Exercise brief >> In the material below, find the line containing "Perceeloppervlakte Wim Schuhmacherhof" and output it and all lines after it exactly, through the last one, without the pictures.

Material provided >>
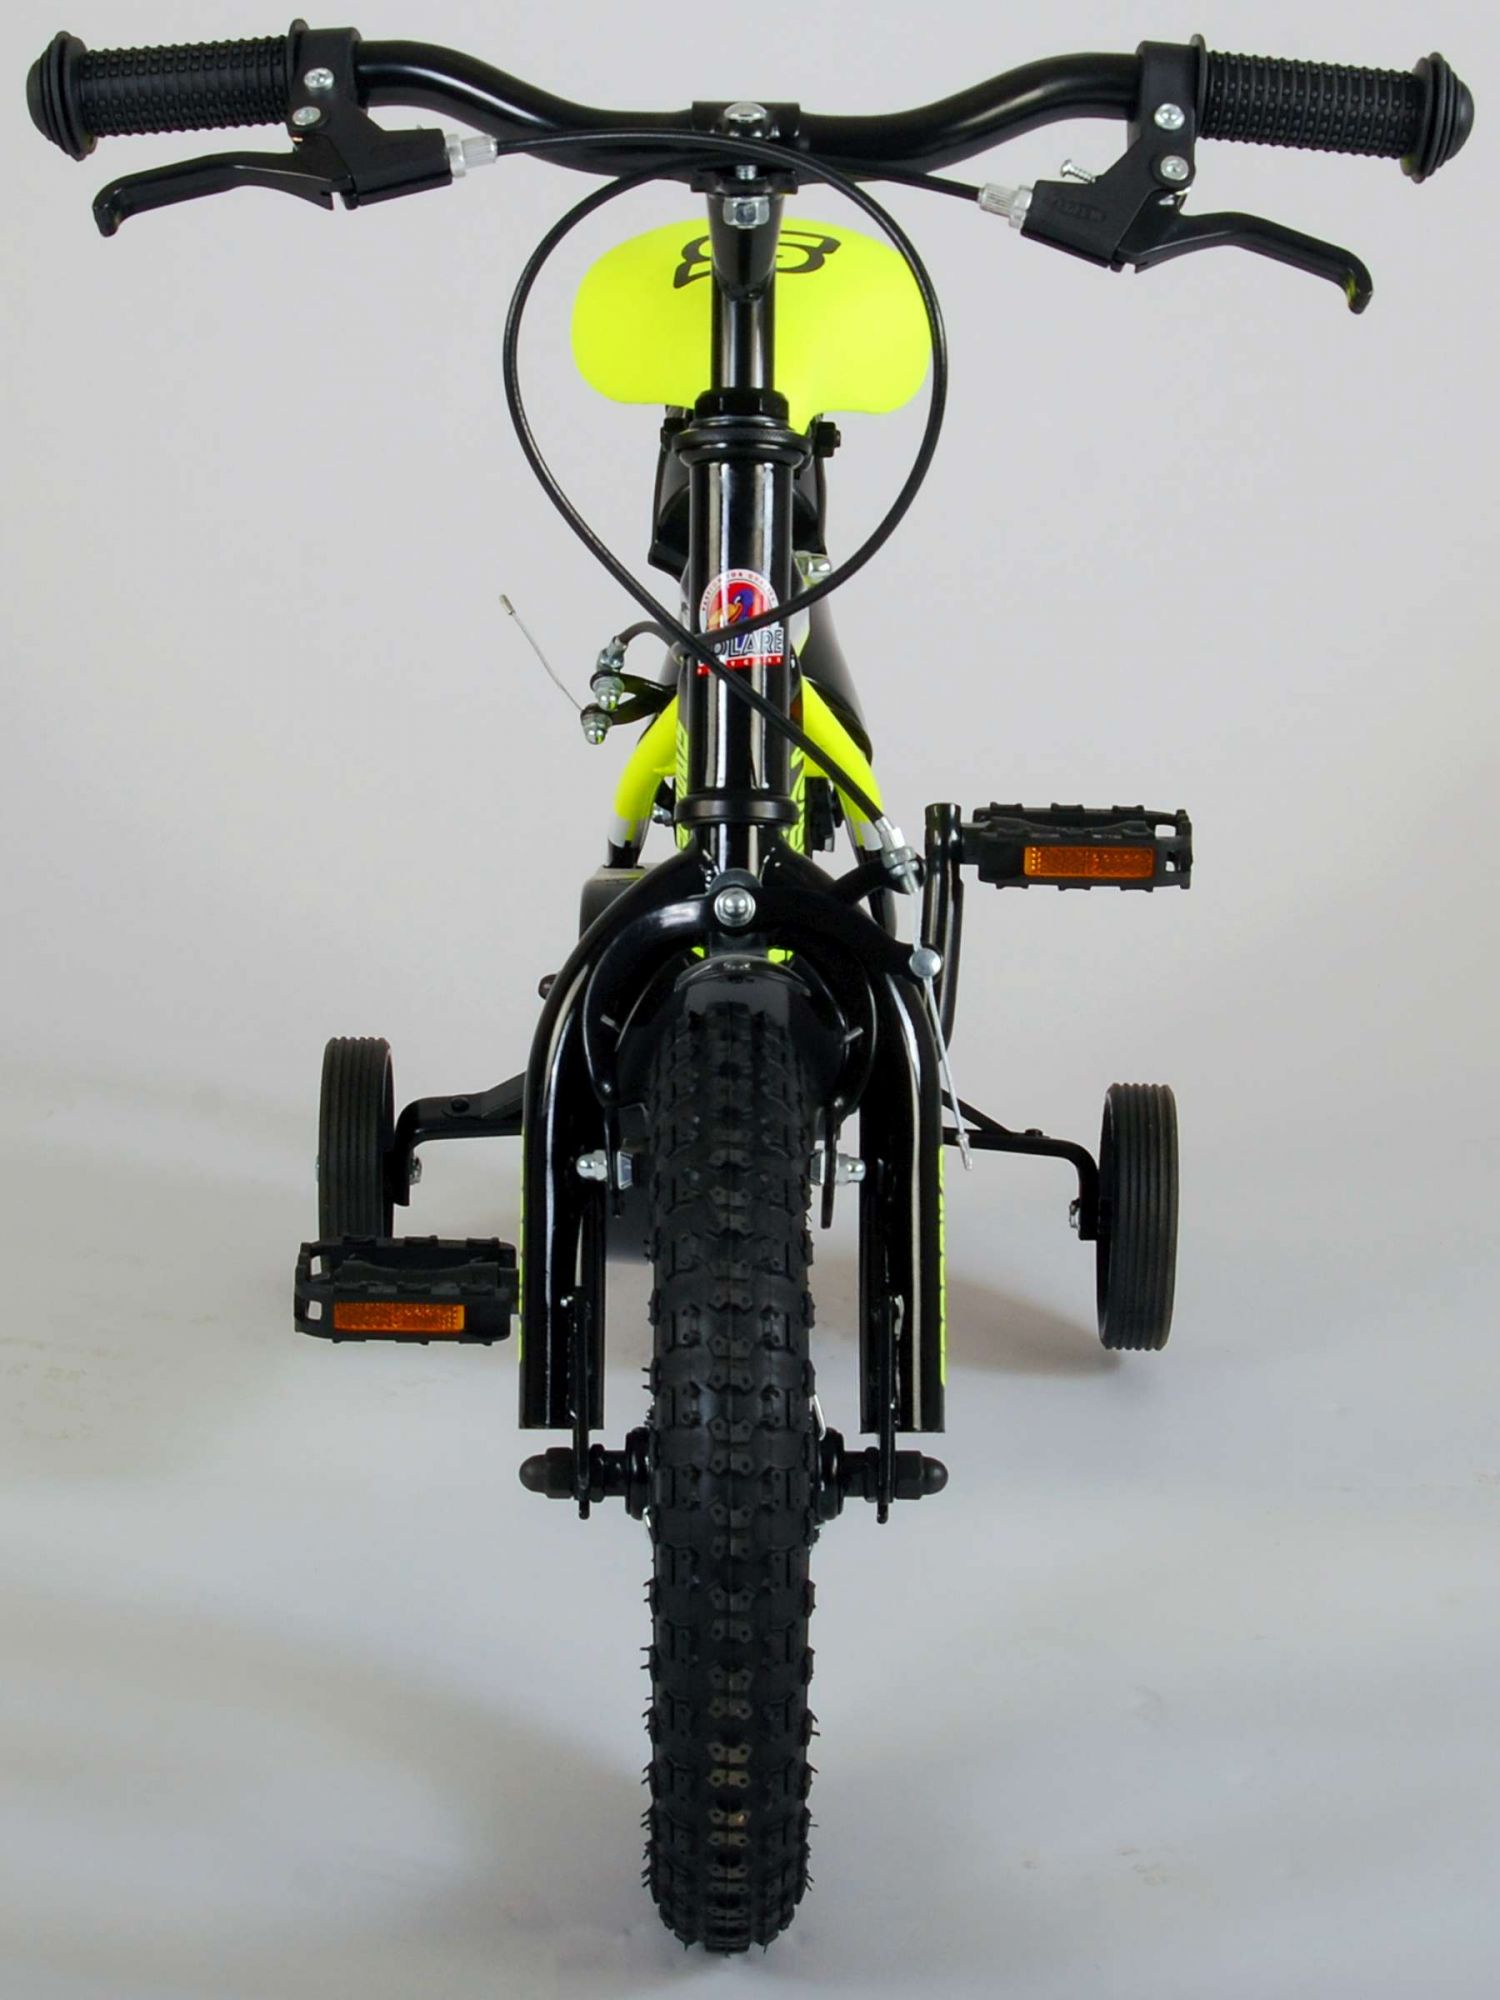 Kinderfahrrad Sportivo für Jungen 12 Zoll Kinderrad Neon Gelb Schwarz
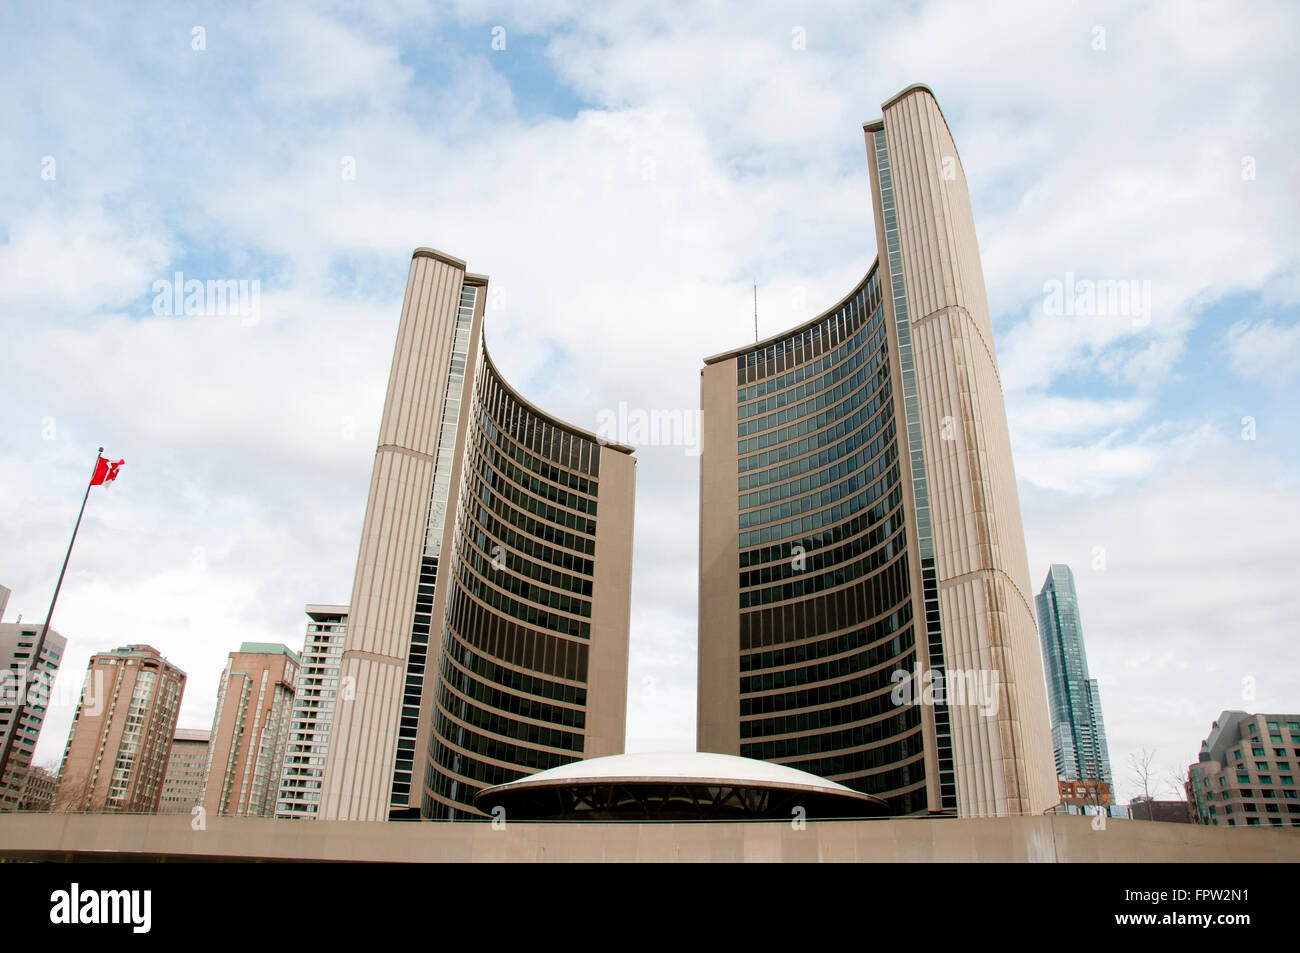 City Hall - Toronto - Canada Stock Photo
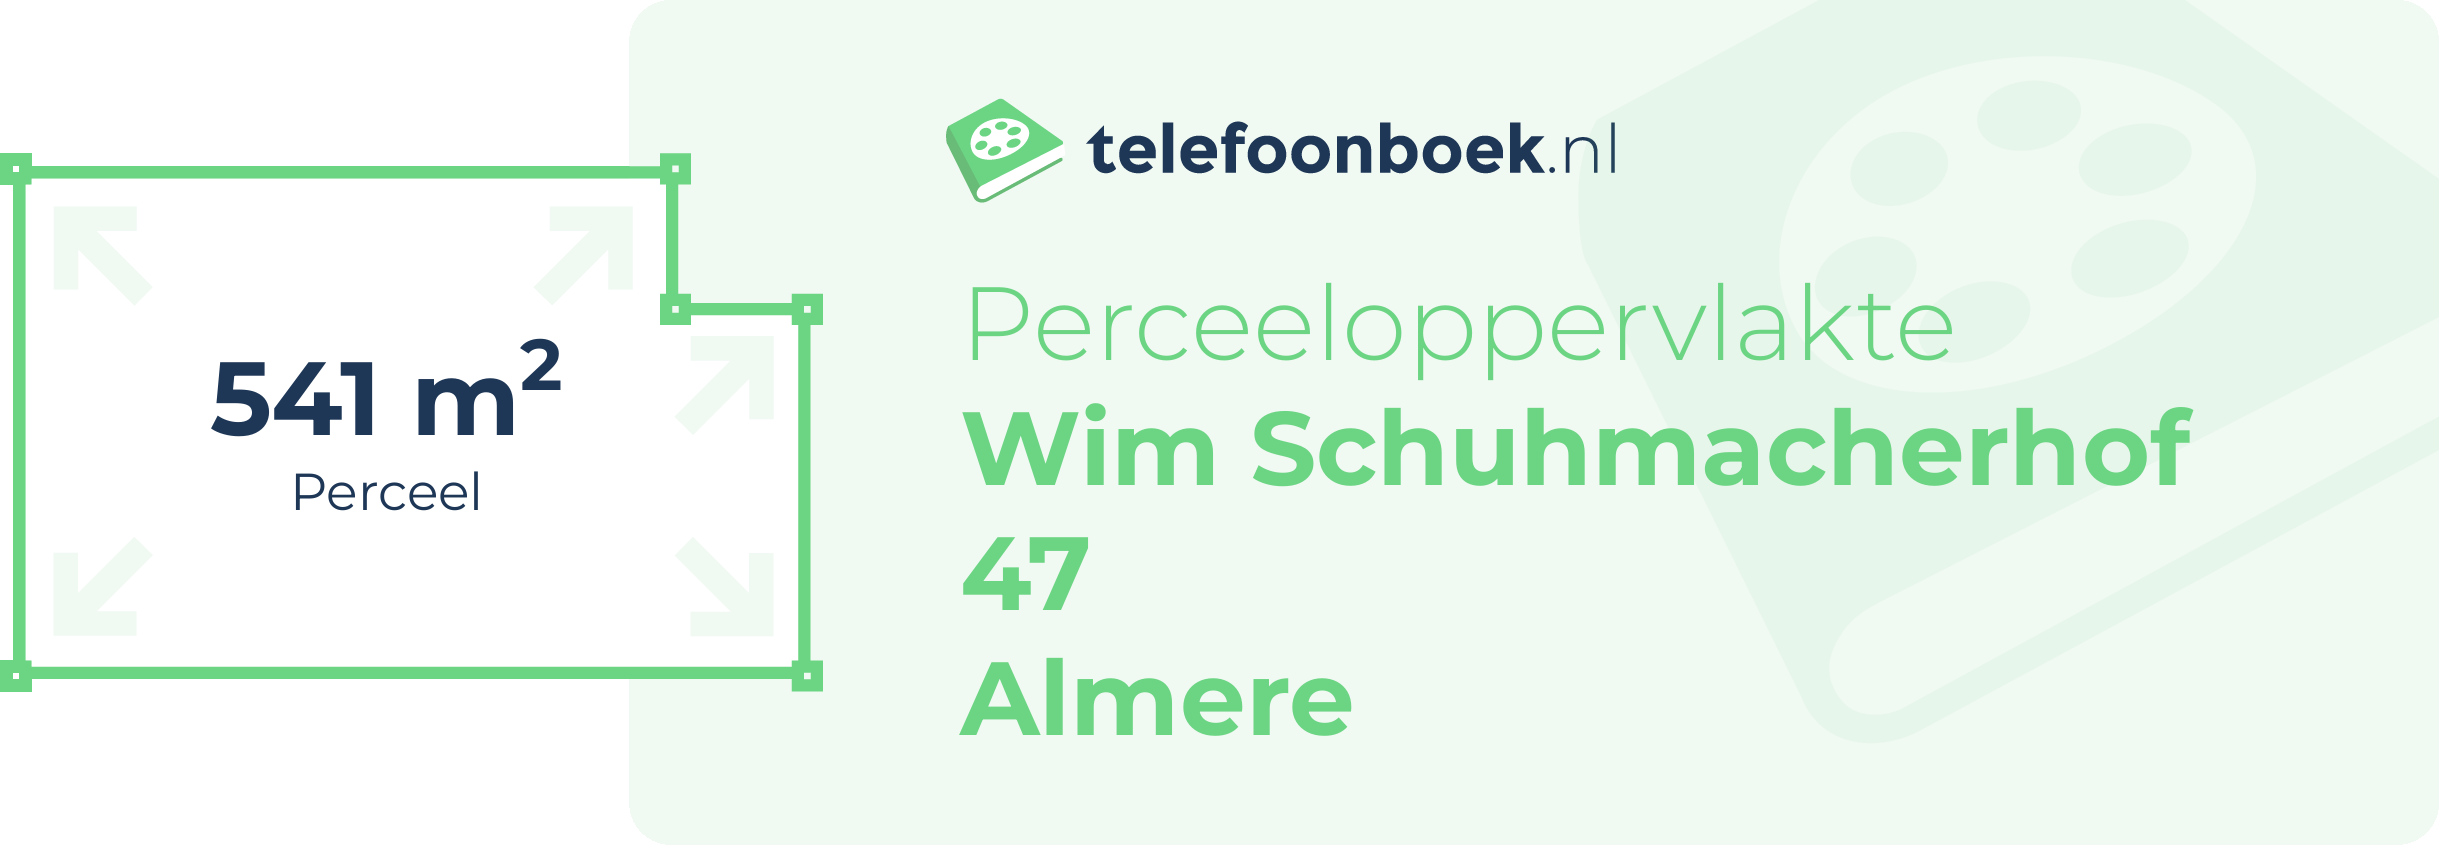 Perceeloppervlakte Wim Schuhmacherhof 47 Almere
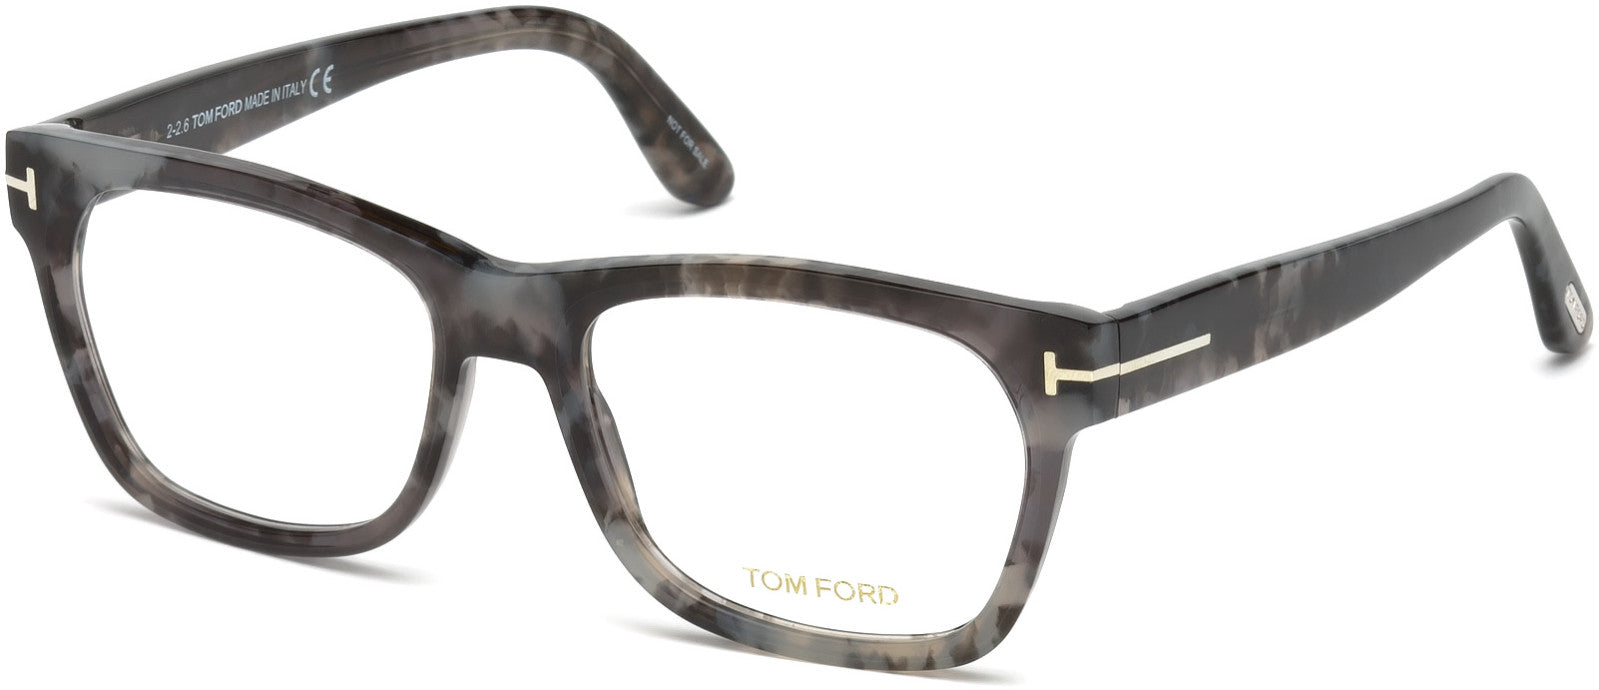 Tom Ford FT5468 Geometric Eyeglasses 056-056 - Shiny Grey Havana, Shiny Palladium "t" Logo

Result of the exercise >>
 Perceeloppervlakte Wim Schuhmacherhof 47 Almere
 Tom Ford FT5468 Geometric Eyeglasses 056-056 - Shiny Grey Havana, Shiny Palladium "t" Logo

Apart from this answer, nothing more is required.